Burkina Faso: Sondage du Présimètre - L'Opposition conteste la note de 4,72/10 du président et estime qu'elle devrait être inférieure

Selon les conférenciers du jour, à savoir Yumanli Lompo président du PNDS et Amadou Diemdioda Dicko, 4ème vice-président de l'UPC, le ministre des Mines Oumarou Idani a joué un rôle trouble dans cette histoire de «scandale du charbon fin» qui, depuis un certain temps, défraie la chronique.

A en croire le 4ème vice-président de l'UPC, «la société IAM Gold Essakane, avec la complicité de membres du gouvernement, a tenté d'exporter frauduleusement de l'or et d'autres biens précieux estimés à plus de 335 milliards de francs CFA». Il qualifie cet acte de «vol étatique aggravé». Pour les conférenciers, «en plus de s'être constitué avocat d'IAM Gold Essakane sans convaincre personne, il aurait tenté de négocier avec la justice pour cacher certaines choses». Plus grave, poursuit M Dicko, qui cite le journal Le Reporter qui avait révélé ces soupçons, «le ministre aurait expliqué que sa démarche était faite au nom du président du Faso lui-même». A entendre l'opposition politique, le ministre a «gravement échoué dans sa mission. Donc, il doit rendre sa démission et se mettre à la disposition de la justice».

Aussi, l'opposition politique a qualifié de «très graves» les propos tenus par le ministre de la Défense burkinabè Chérif Sy dans un journal Sud-africain dans lequel «le ministre dit clairement que le G5 est inutile. Il dit également douter de la motivation de la France à lutter contre le terrorisme au Sahel». Or, explique le Cfop, le président Kaboré, président du G5 Sahel, déclarait que «c'est de concert avec les autres pays membres de l'organisation que nous pourrons vaincre le terrorisme». Pour le Cfop, ces propos sont «très graves puisqu'ils mettent à nu une grosse discorde entre lui et le président du Faso, Chef suprême des armées. Il contredit et multiplie par zéro les actions du président du Faso».

Et Yumanli Lompo d'ajouter que, «cette déclaration de M. Sy prouve qu'il y a une défaillance parce que, si le premier chef de l'institution muette sort de son mutisme, nous pensons que sur le plan diplomatique ce n'était pas correcte, et sur le plan sécuritaire, ce n'est pas le moment. Il faut que les africains vraiment s'asseyent et créent une armée africaine pour défendre les Africains et non compter sur les Français pour défendre les Africains». «Lorsque nous faisons appel à la France pour nous libérer, c'est que nous avons perdu notre indépendance. Si nous condamnons l'impérialisme et nous faisons encore appel à l'impérialisme pour nous protéger, c'est que nous demandons à la colonisation une nouvelle recolonisation; je pense qu'arriver à un certain moment, il faut que nous comptons sur nos propres forces, il faut que chaque Burkinabè puisse croire qu'il peut chasser et vaincre le terrorisme, mais, tant que nous n'avons pas ça à l'esprit et on continue dans le sens de la défaite, on ne le vaincra pas» a expliqué M. Lompo.
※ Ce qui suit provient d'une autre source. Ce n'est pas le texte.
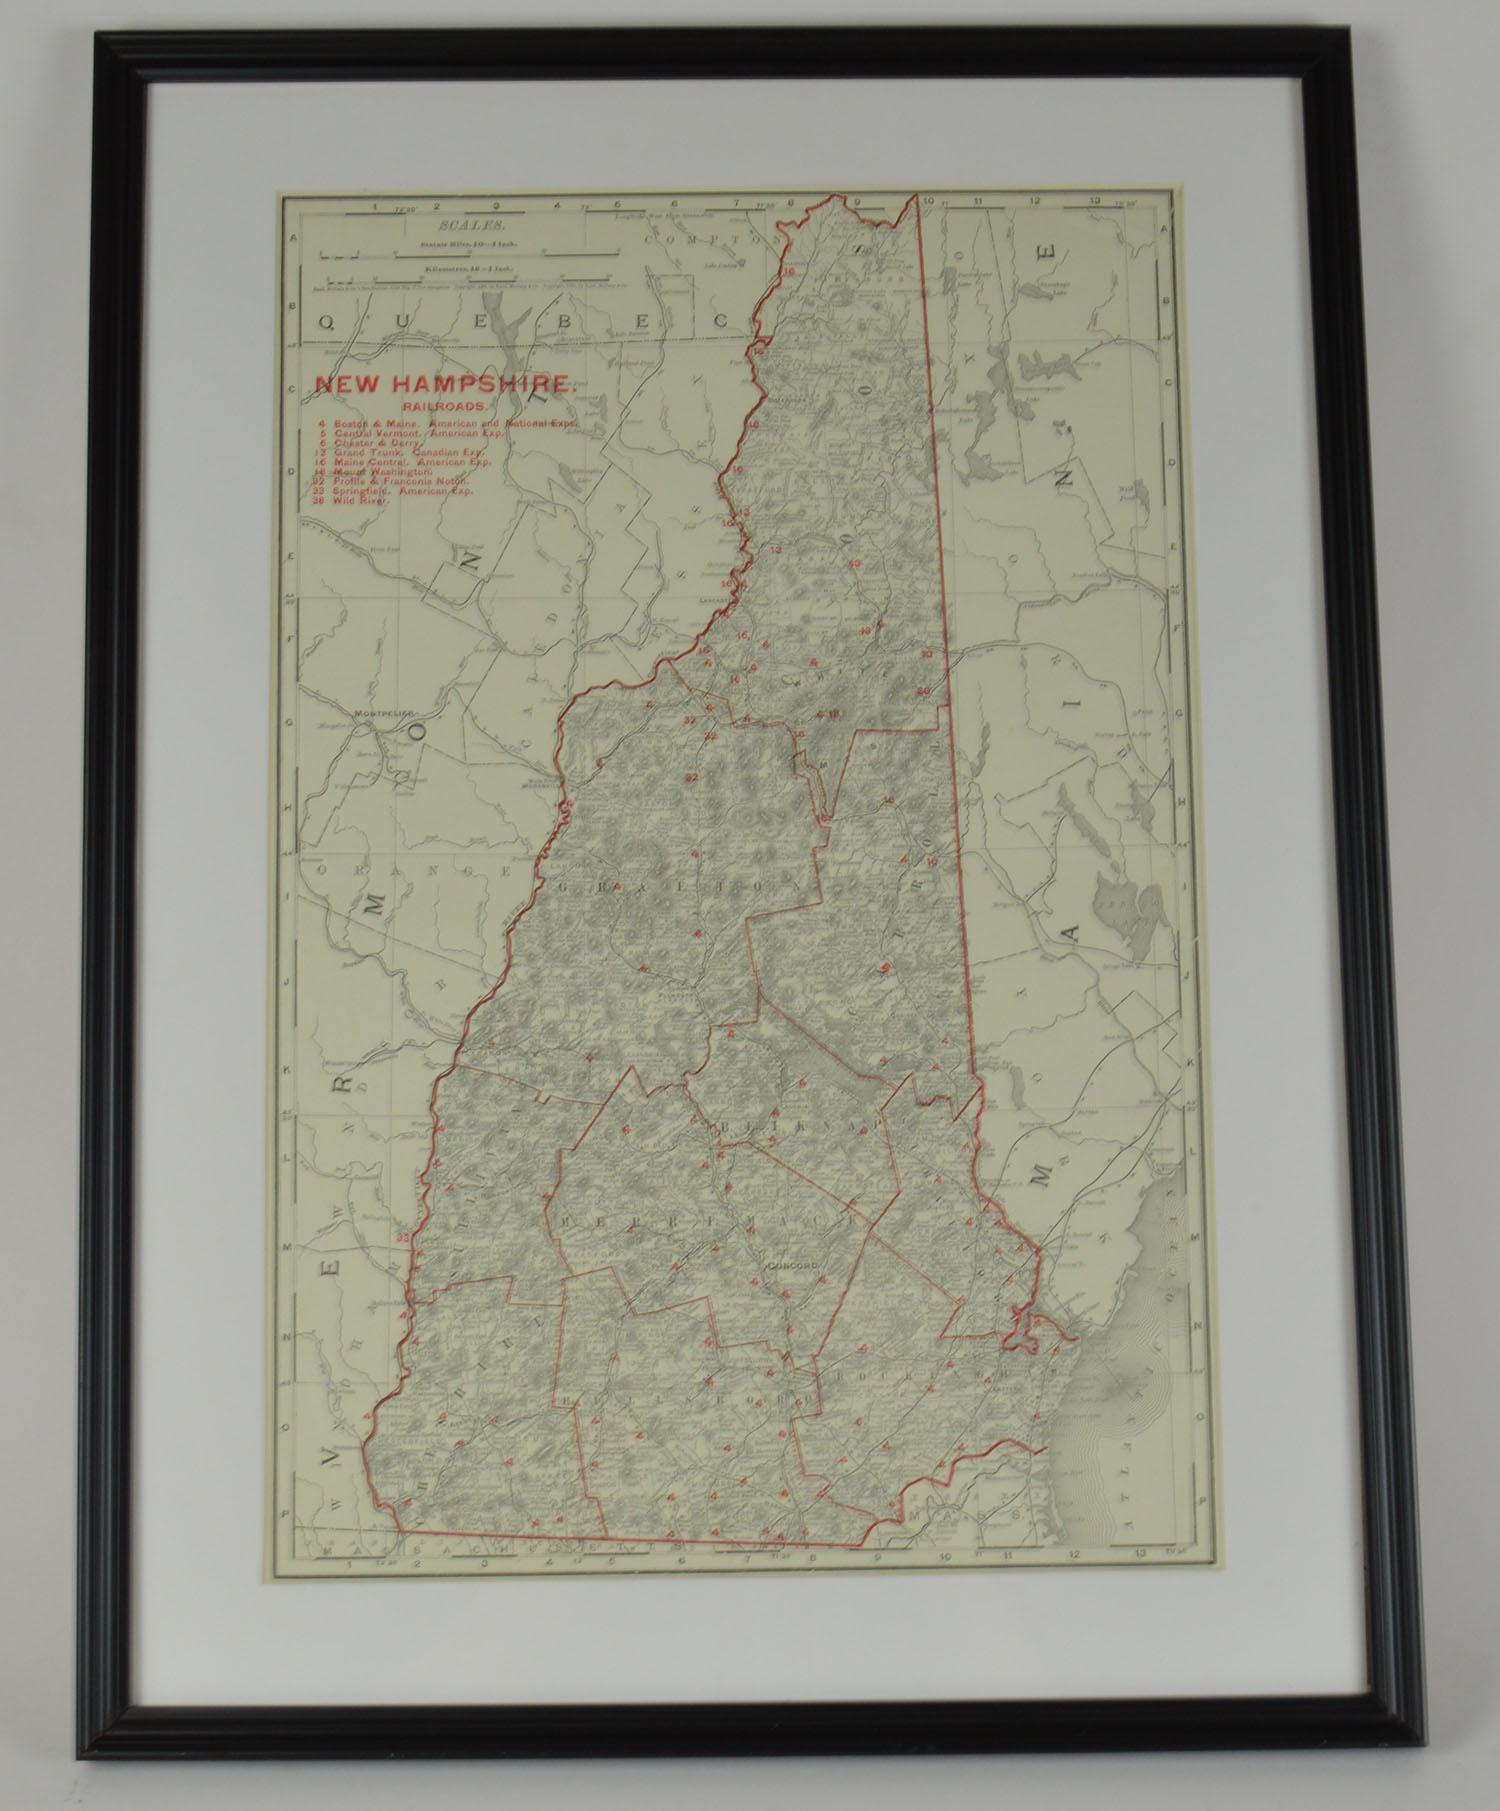 Set of 6 Original Vintage Maps of American States, circa 1900 (amerikanisch)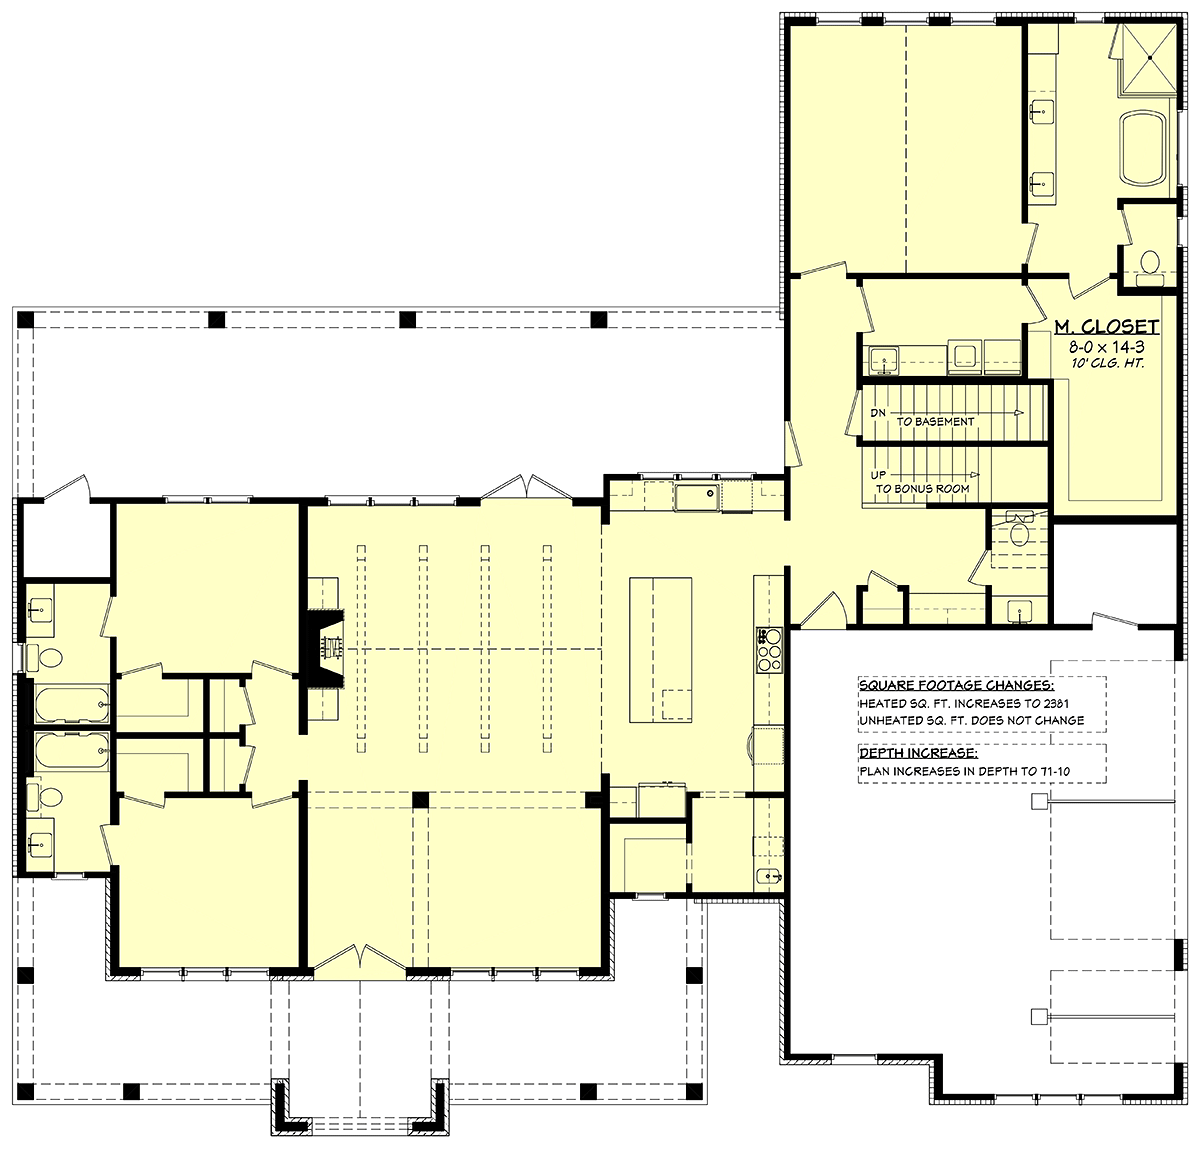 House Plan 82919 Alternate Level One

S'agissant des déplacés fuyant les attaques terroristes de Tongomayel et Arbinda dans le Soum qui sont arrivés en début juin à Ouagadougou, l'opposition politique a fait savoir qu'à défaut de leur trouver un site définitif, l'Etat doit leur trouver un cadre qui leur permettra de vivre comme chez eux, de mener des activités. «Il y a des mesures qui doivent être prises en ce moment afin que ces gens se sentent véritablement chez eux. Ils ne viennent pas à Ouagadougou pour du tourisme» a indiqué Yumali Lompo, président du PNDS qui a relevé que le Cfop avait tiré la sonnette d'alarme sur cette question de communautarisme qui se développait au Mali et qui, risquait de se transposer au Burkina comme étant une tactique des terroristes.

Suite au sondage effectué sur la gouvernance du président Kaboré dans le cadre du Présimètre où il a obtenu la note de 4,72 sur 10 soit une baisse de 0,21 point par rapport à ses résultats de décembre 2018, l'opposition a estimé que «la note du président Kaboré devrait être de loin inférieure à 4,72 car il a échoué dans tous les domaines, et cet échec cuisant a ramené le pays 40 ans en arrière». «Le peuple ne l'a pas élu pour vivre dans ces conditions pareilles. Le peuple burkinabè attend mieux du président Kaboré» a conclu M. Lompo.